Kristin hires Jenny to represent her in court, and because many of the locals have benefitted from her family's largess, they testify in her favor. Cleared of all charges, she meets with Lorenzo, who introduces himself as Rudy. Kristin forgives him for deceiving her but decides to devote herself entirely to the family.

Bianca is seemingly murdered, and Kristin finds both her husband and her son held at gunpoint by Fabrizio, who is a traitor in league with the Romanos. He is about to murder Kristin when Bianca catches him off guard, and Kristin drops him to his death inside a grape crusher. She sends his finger as a warning to Don Mammone.

Sometime later, Kristin's son is about to return home. As he departs, he sees his mother formally receiving guests in her capacity as head of the Balbano family.

==Production==
Mafia Mamma was reported to be in pre-production in October 2021, with Catherine Hardwicke on board as director. Michael J. Feldman and Debbie Jhoon wrote the screenplay, based on an original story by Amanda Sthers. Toni Collette, Monica Bellucci, and Rob Huebel were cast in leading roles but ultimately Huebel did not appear in the film.

Principal photography took place in May 2022 on location in Rome, Italy.

==Release==
Mafia Mamma was released theatrically in the United States on April 14, 2023, by Bleecker Street. The film was released digitally on May 2, 2023, and on DVD and Blu-ray on June 6.

== Reception ==
===Box office===
Mafia Mamma grossed $3.5 million in the United States and Canada, and $3.5 million in other territories, for a worldwide total of $7 million.
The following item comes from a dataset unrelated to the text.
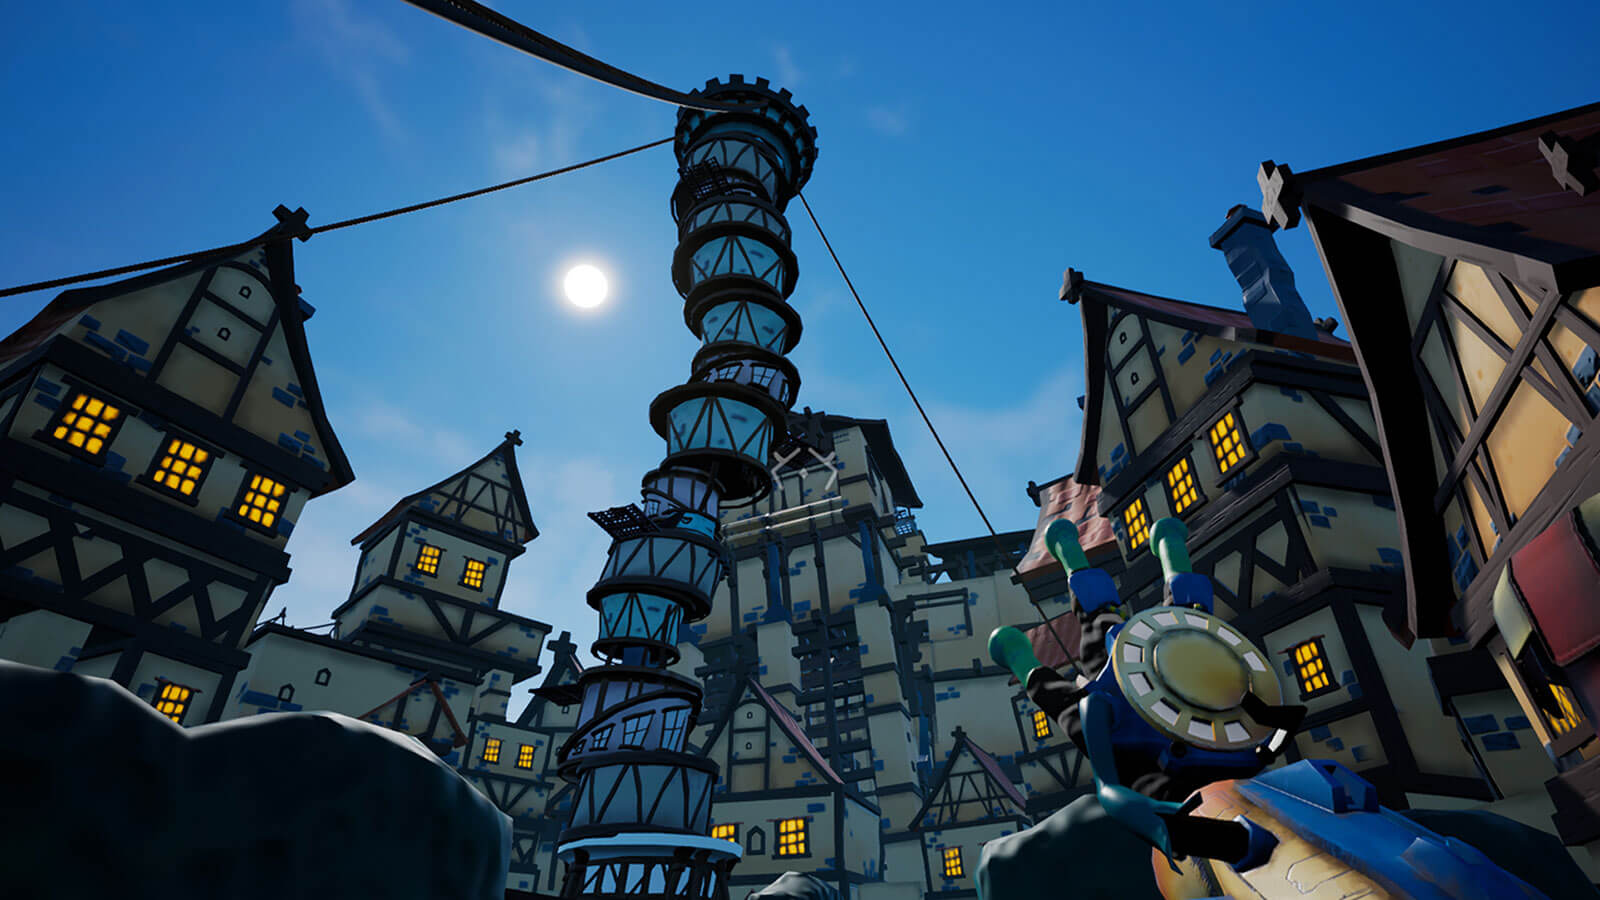 Player looks up at massive oddly stacked tower in a town square

Released alongside Renfield, The Pope's Exorcist, Suzume, and Sweetwater, the film made $866,940 in its first day and went to debut on $2 million from 2,002 theatres, finishing eighth at the box office.

===Critical response===
 Metacritic, which uses a weighted average, assigned the film a score of 42 out of 100, based on 23 critics, indicating "mixed or average" reviews. Audiences polled by Cinemascore gave the film an average grade of "B" on an A+ to F scale, while those polled at PostTrak gave it a 64% positive score, with 44% saying they would definitely recommend it.

Jude Dry writing for IndieWire gave the film a B− grade. She thought the plot "leaves much to be desired" and felt Bellucci's Italian character was underdeveloped. She ended her review with: Though it's all satisfyingly silly, Mafia Mamma never quite find its tone. Hardwicke doesn't seem to know if she's doing Quentin Tarantino or Mel Brooks, and the two styles are so far apart that splitting the difference lands the movie out at sea". Deadline Hollywoods Pete Hammond wrote, "In its own way, veteran director Catherine Hardwicke has turned all this into a more mainstream feminist comedy, a vehicle for Collette, who lifts it up a few notches and makes it all passable and likable enough for its 100-minute running time".

Frank Scheck of The Hollywood Reporter criticized the writing of Collette's character, saying "Mafia Mamma squanders her considerable talents", but praised Bellucci's character. He ended his review with "If you want to see a truly witty comedy dealing with similar themes, stick with rewatching Jonathan Demme's terrific 1988 film Married to the Mob". Peter Debruge of Variety called the film "a fun fish-out-of-water farce with Godfather DNA and a clever female-empowerment kick, Mafia Mamma makes inspired use of Collette, who’s never better than when playing women we oughtn't to have underestimated".